People began disappearing in the woods of Rocky Hills. Then rumors grew about strange experiments. And then Cutler wasn’t seen again.
That’s the legend at the heart of the second feature-length film by a group of young Oak Hill High School grads. “The Bridge” opens with present-day college kids sitting around the campfire in Rocky Hills swapping ghost stories.
The idea was born over their real-life winter break. Chris Jones, the 19-year-old director, cameraman, editor and co-writer, didn’t set out to make a horror movie.

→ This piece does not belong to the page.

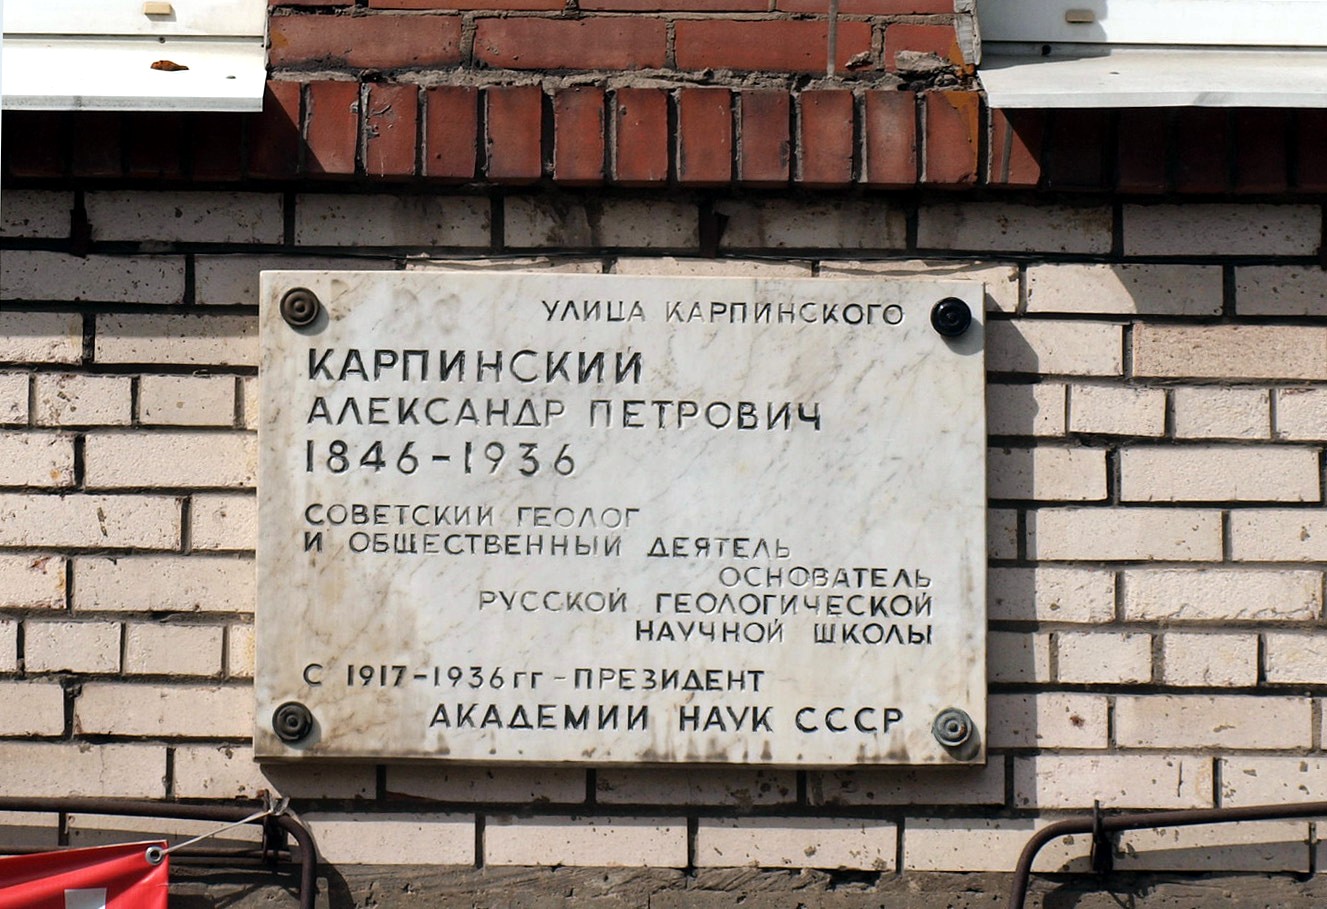 Sankt Petersburg, Улица Карпинского, 20. Sankt Petersburg — Memorial plaques

“There are scary elements to it,” said Jones, a business management major at the Wentworth Institute of Technology. “We want people to think versus, ‘Oh, I was so scared the whole time.’ We hope to show people that we’ve grown from our first movie.”
Jones, his actors and crew — Cody DePuy, Elijah Washburn, Kenyon Fraser, Gwen Fraser, Caleb Meservey and Stephanie Paradis, all friends for years, all from Litchfield — filmed “The Admin Effect” last July and screened it at the Lewiston Auburn Film Festival this spring.
Jones co-wrote the new screenplay with the Frasers. Much of it has been filmed in the past month in his parents’ back woods with the real-life stone bridges of Vaughn Woods in Hallowell standing in for the title bridge.
The movie centers on the confident Alex, played by DePuy, and Simon, the socially awkward new kid, played by Washburn.
“(It’s), ‘Let’s go see if the myth is real, see if the legend is true,'” Jones said. “‘What was this guy (Cutler) doing once he got back?'”
Shooting wraps in the next 10 days, when one actor has to leave for college. There’s been lots of night shooting to work around schedules, and a tight budget of about $1,000.
He hopes to finish the edit by the end of September to give time for another Oak Hill grad, Colby Michaud, to compose the soundtrack.
There’s a premiere date already: Dec. 28 at Flagship Cinemas in Auburn.
Washburn, 19, a business management major at the University of Southern Maine, said shooting the film has been a great excuse to pull the friends together during summer break, much like a reunion.
An occasionally unsettling reunion.
“We want to try to creep the audience out, so a lot of times we get creeped out as well,” he said.